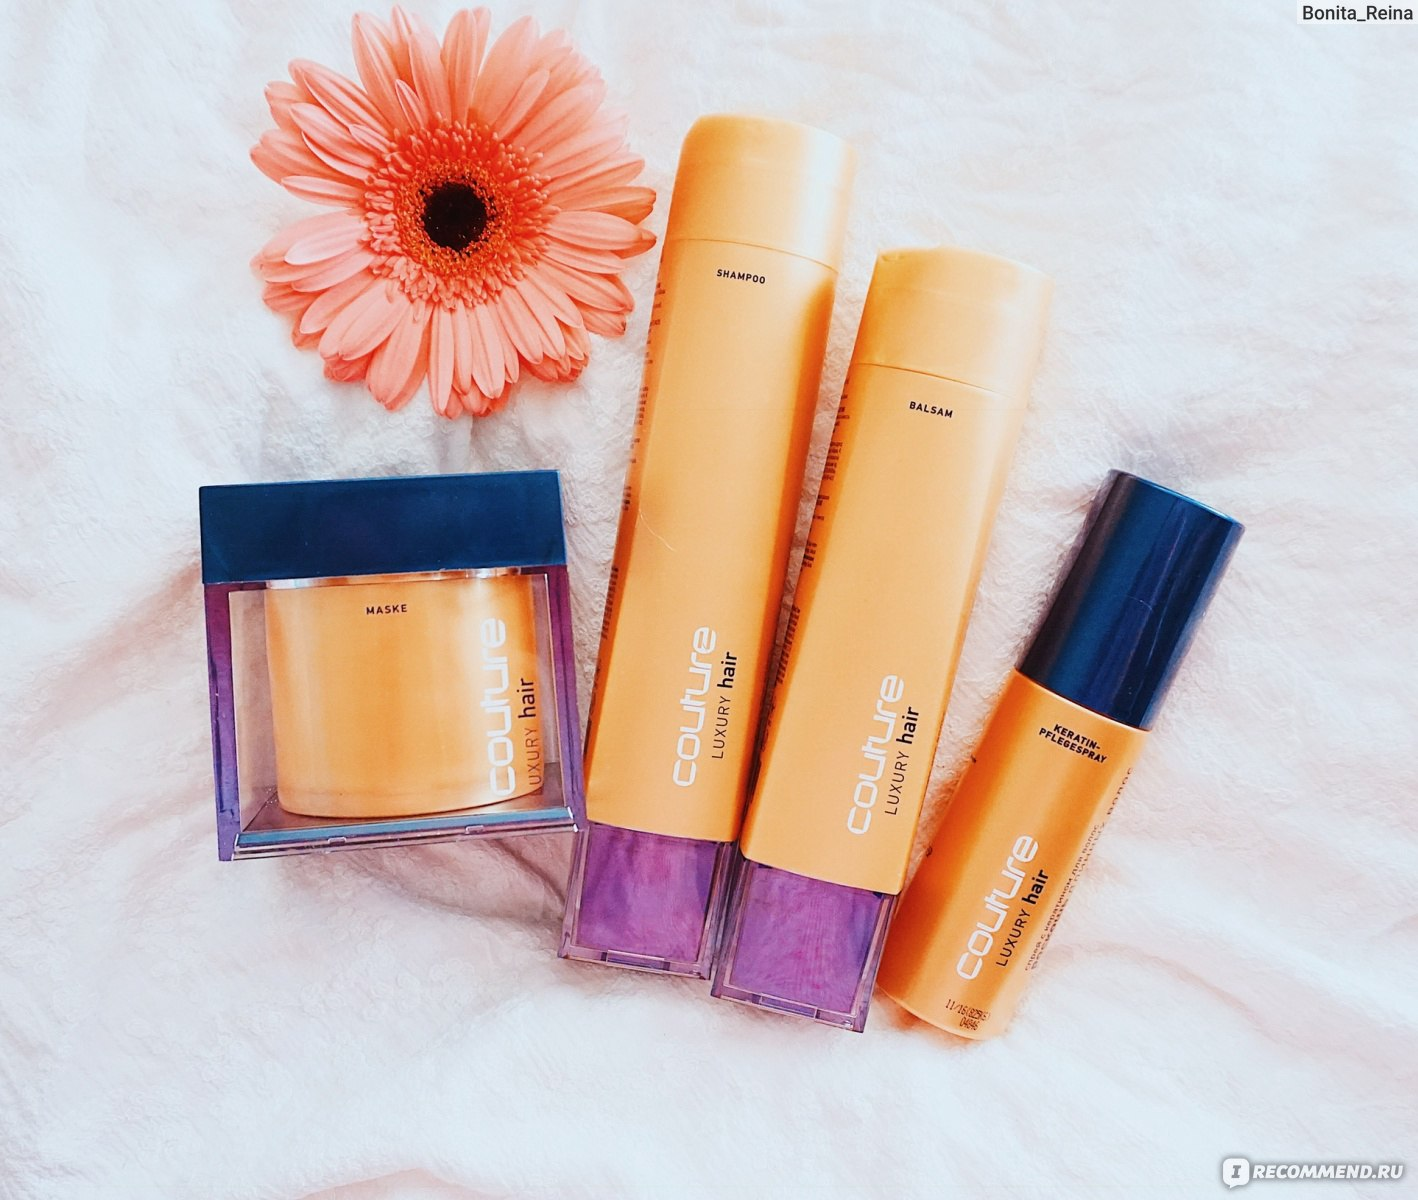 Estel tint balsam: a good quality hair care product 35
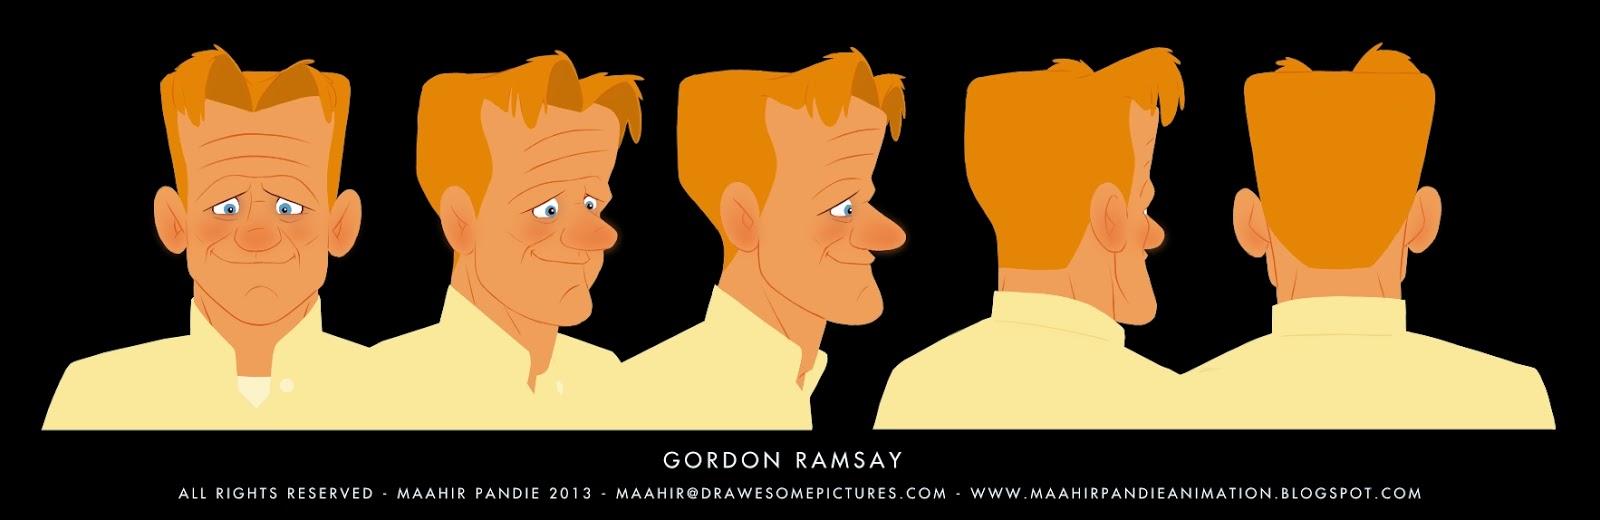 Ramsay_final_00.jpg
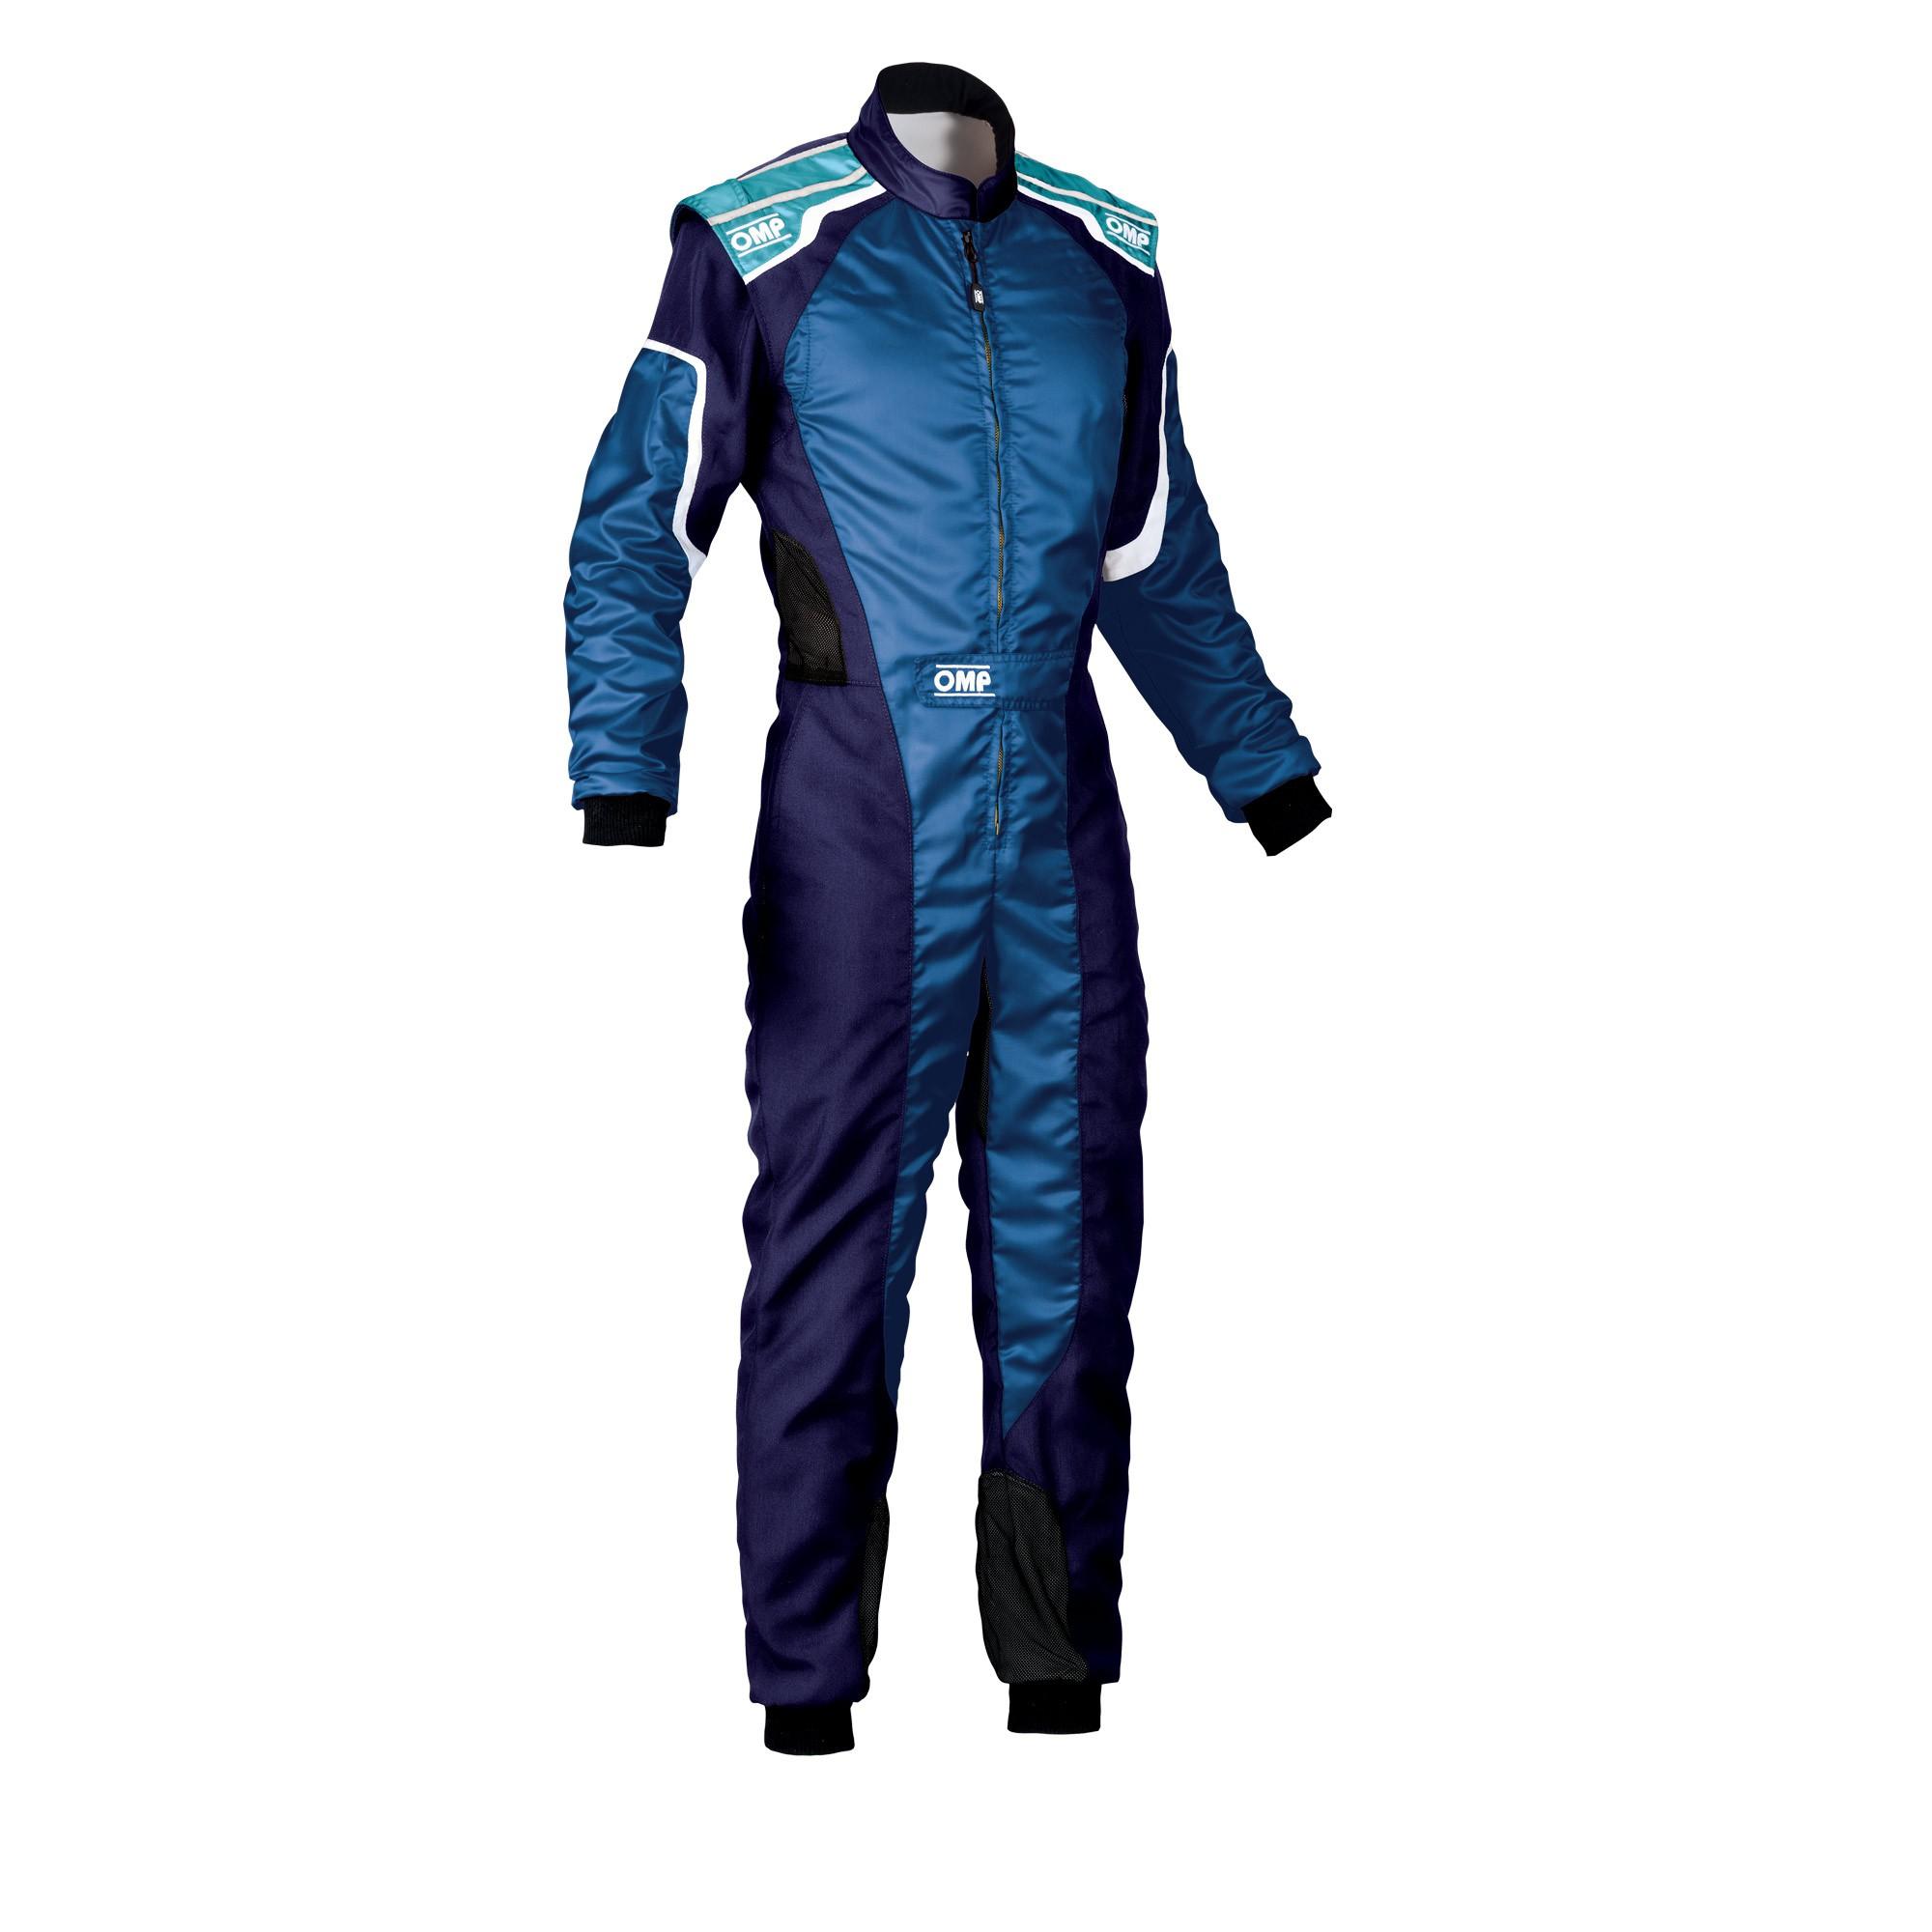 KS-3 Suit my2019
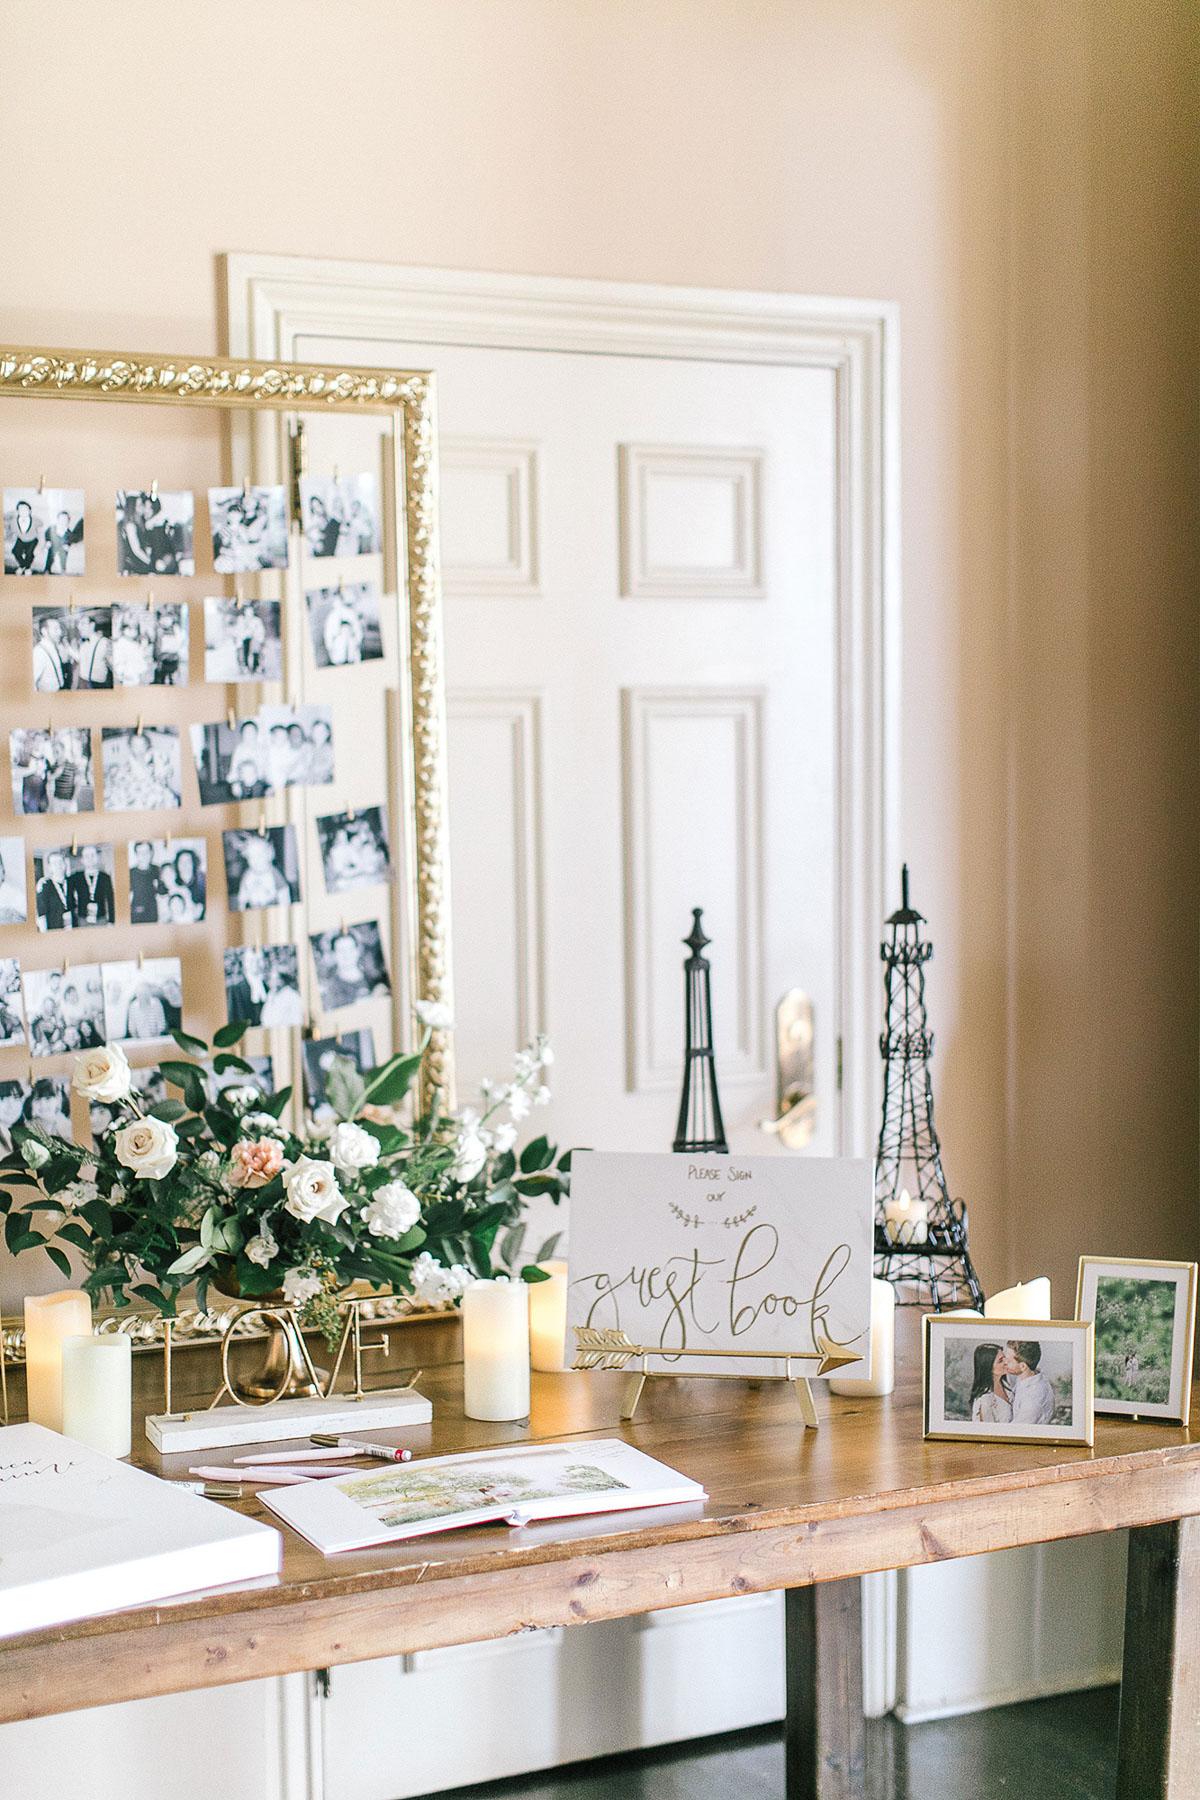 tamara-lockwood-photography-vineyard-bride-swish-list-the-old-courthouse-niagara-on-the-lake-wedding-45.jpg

══════════════════════════════

> [Required action]
Set down the material once more, exactly, with the pictures omitted.

> [Response]
 Estel tint balsam: a good quality hair care product 35
 Ramsay_final_00.jpg
 KS-3 Suit my2019
 tamara-lockwood-photography-vineyard-bride-swish-list-the-old-courthouse-niagara-on-the-lake-wedding-45.jpg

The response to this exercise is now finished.